Rawlings also had ties to Black American civil rights luminaries including Nation of Islam leader Louis Farrakhan.
Here are seven things about Rawlings, his relations with Farrakhan and his role in promoting dual citizenship for African Americans
As the president of Ghana, Rawlings passed legislation to grant an indefinite residence permit for Americans of African descent. He stood next to President Bill Clinton at a Washington, D.C. press conference in 1999 and promised to open up the West African country to African-Americans who wanted to settle there.
“Is there any reason why you should not have the right to enjoy the citizenship of where you come from?” Rawlings asked reporters.

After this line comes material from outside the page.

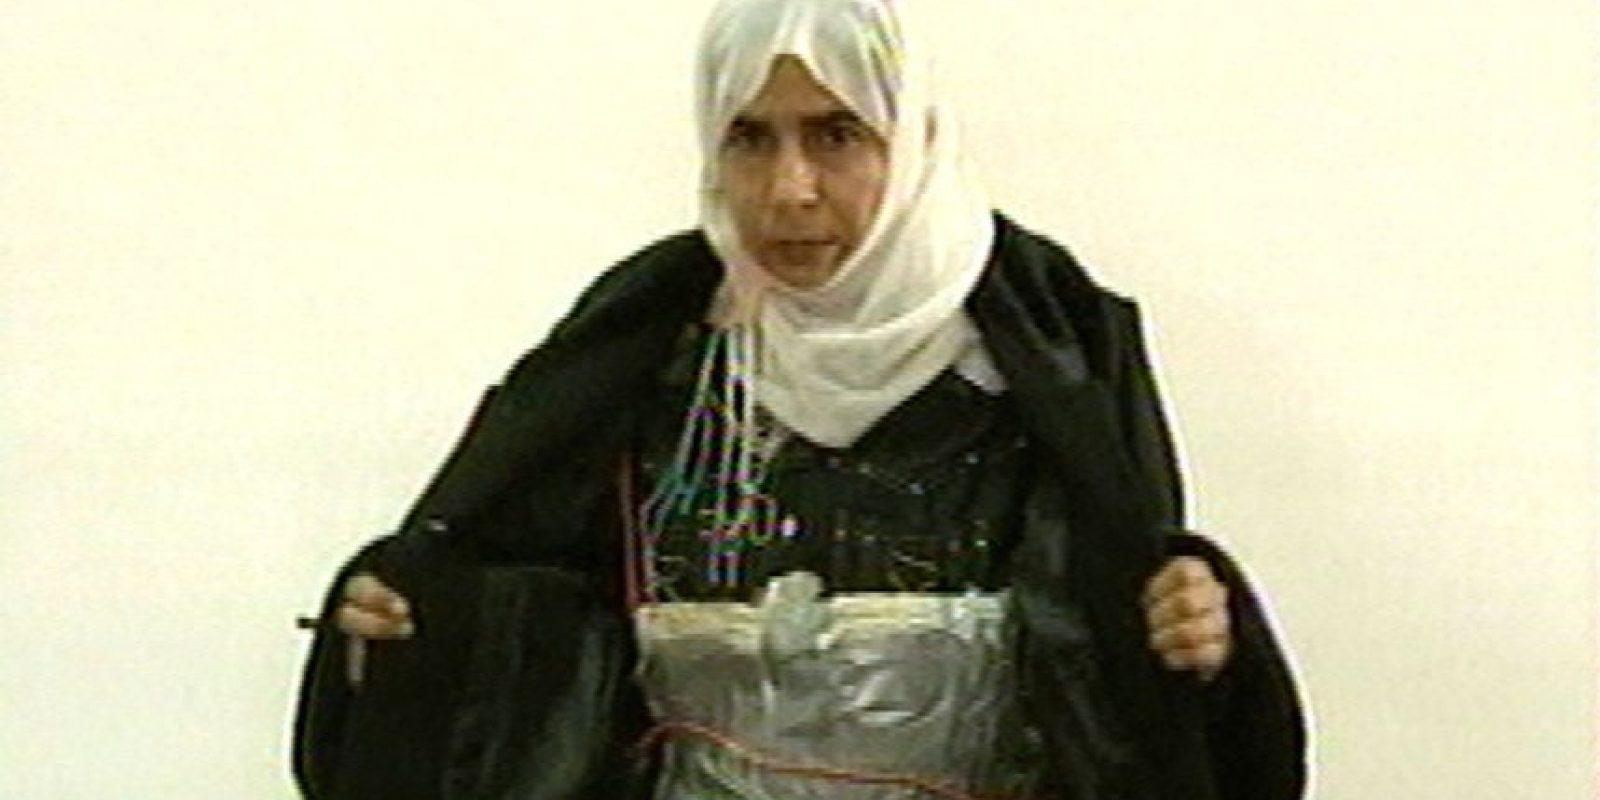 Acusada de intentar detonar una bomba en un hotel. Foto:AP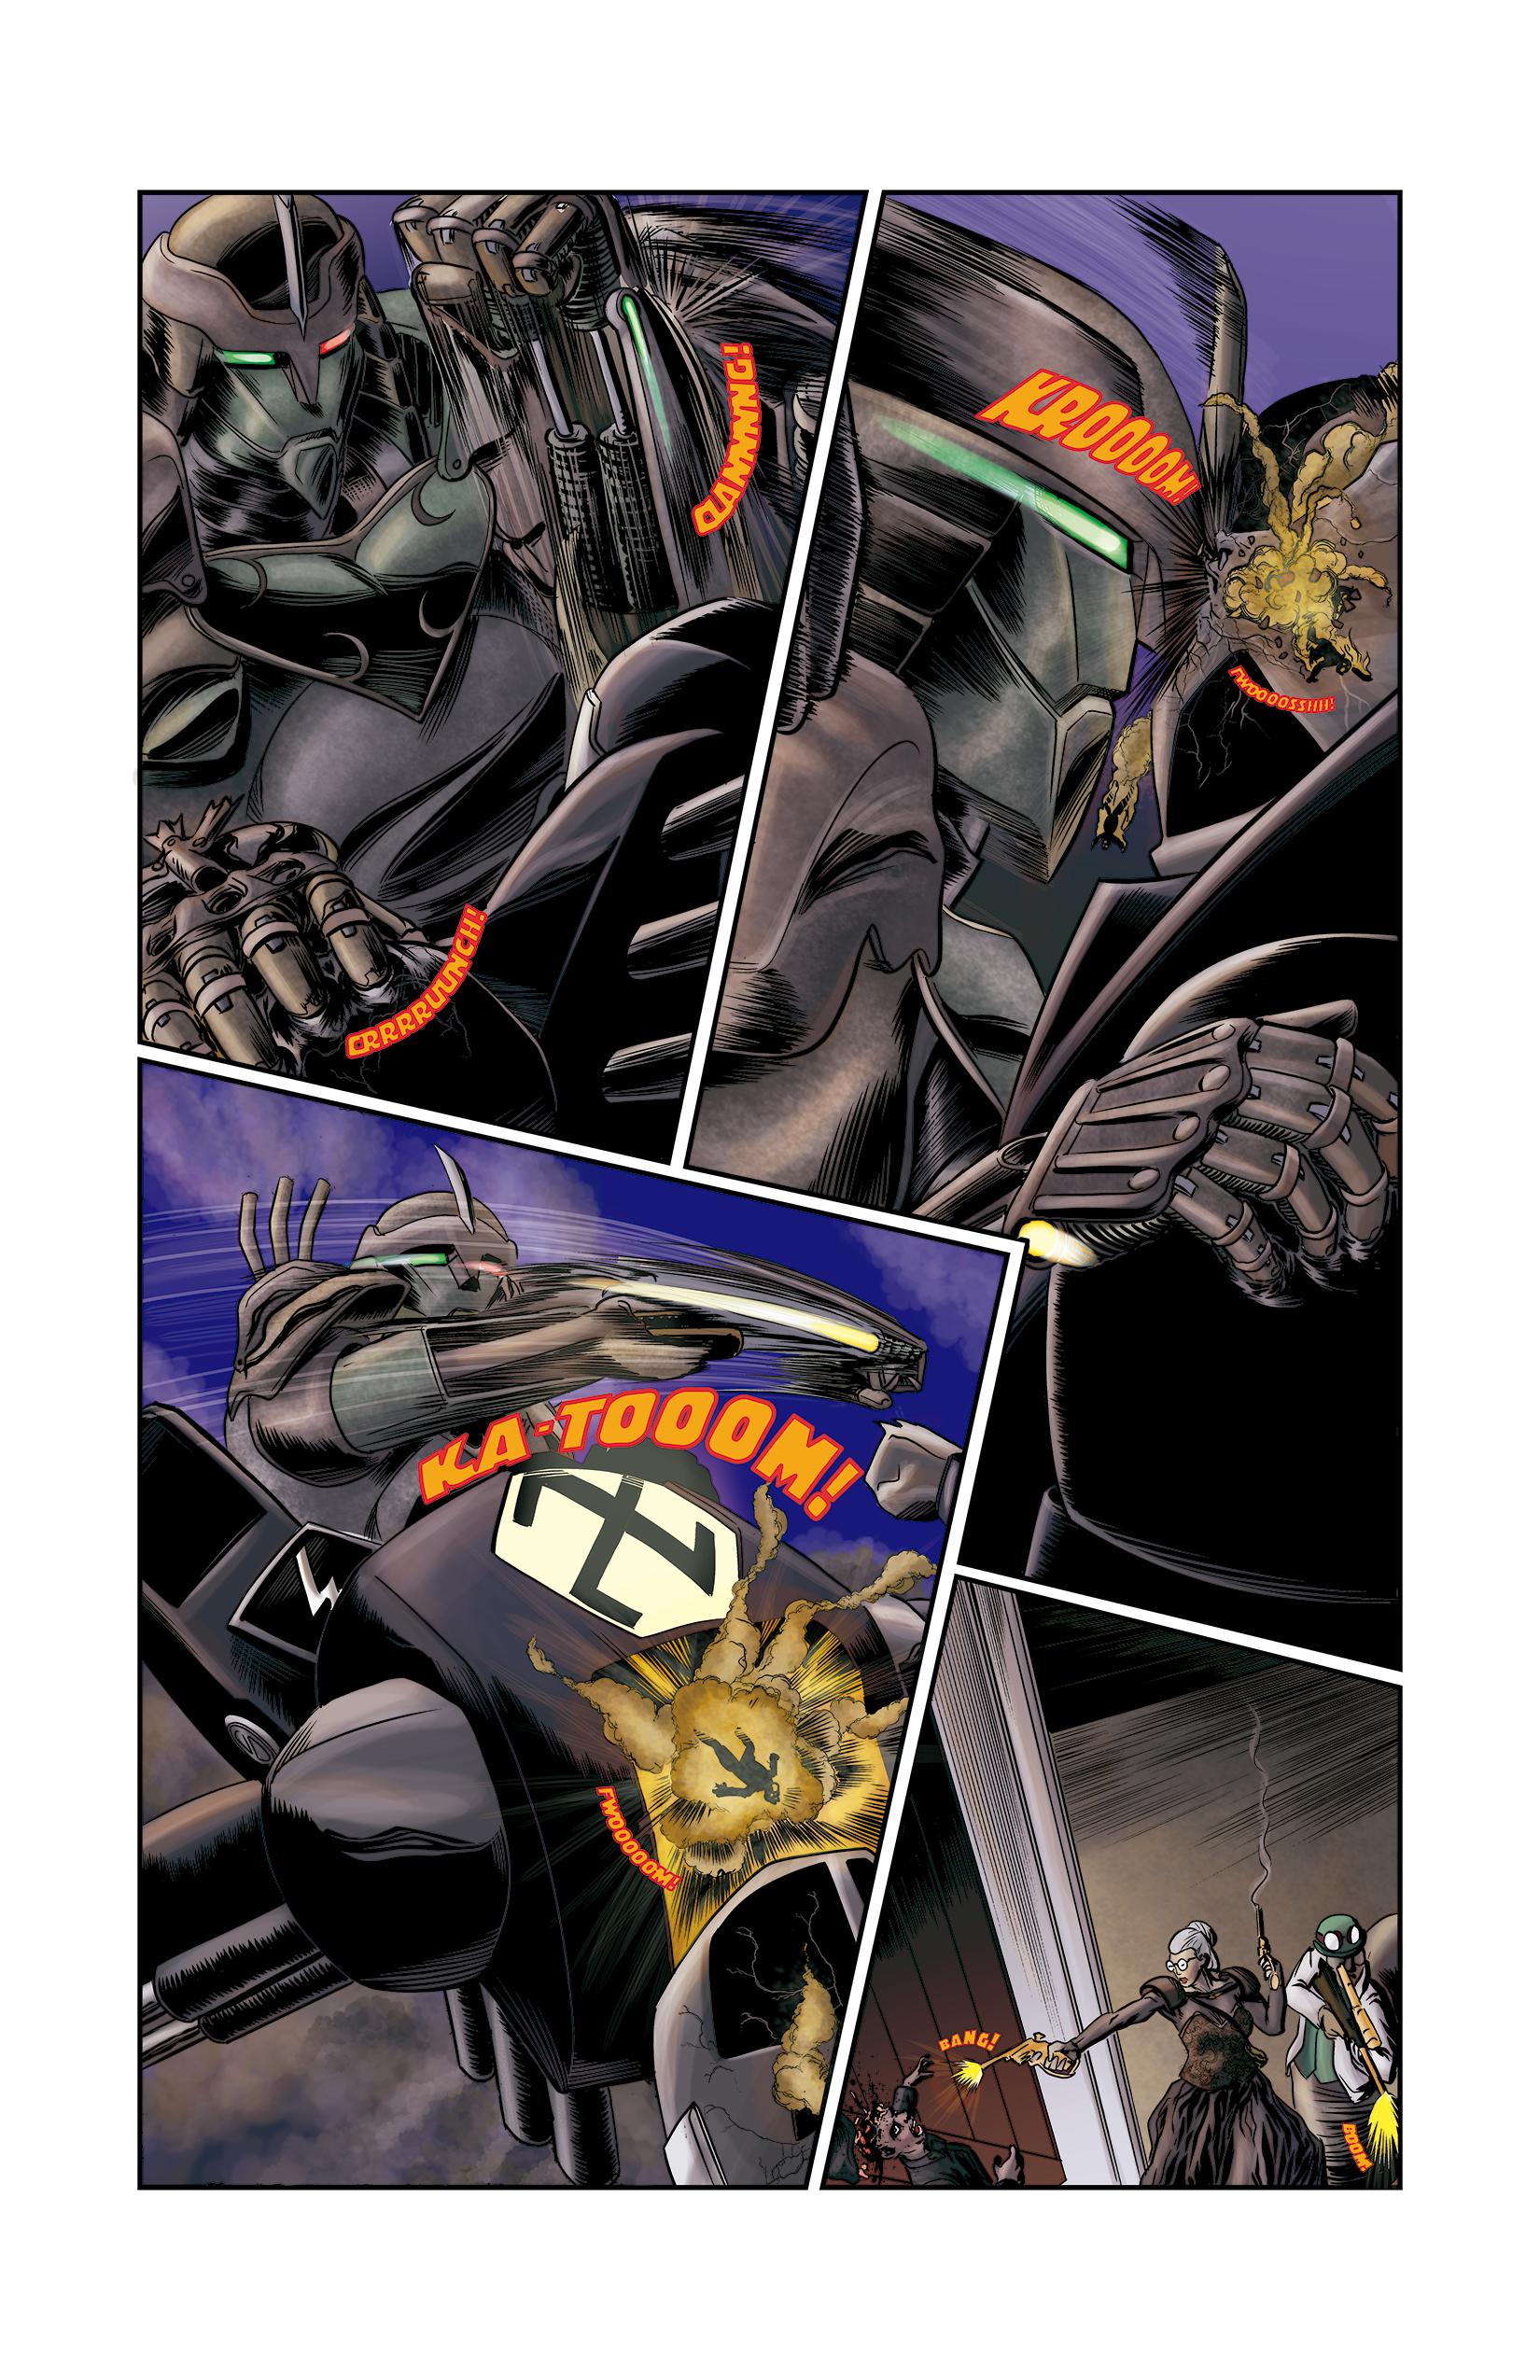 """Página 9 de """"E.M.1 L 1.4"""", da antologia RANCHO DO CORVO DOURADO, de 2019. Linhas e colorização."""

Rawlings initiated heritage tourism based on the trans-Atlantic slave trade and pan-Africanism, culminating in the “Year of the Return.” In 2019, many African Americans visited Ghana and some relocated back to the country to reconnect with their African roots.
During a visit to Chicago, Rawlings likened Nation of Islam leader Minister Louis Farrakhan, organizer of the 1995 Million Man March in Washington, D.C., to the legendary Italian astronomer Galileo who was persecuted in his time for his views of the world.
In 1986, Rawlings welcomed Farrakhan to Ghana despite warnings from the White House administration at the time that Farrakhan was a communist passing as a Muslim cleric. In a speech honoring the death of Rawlings, Farrakhan detailed how the former Ghana president had welcomed him and his entourage and even offered them security.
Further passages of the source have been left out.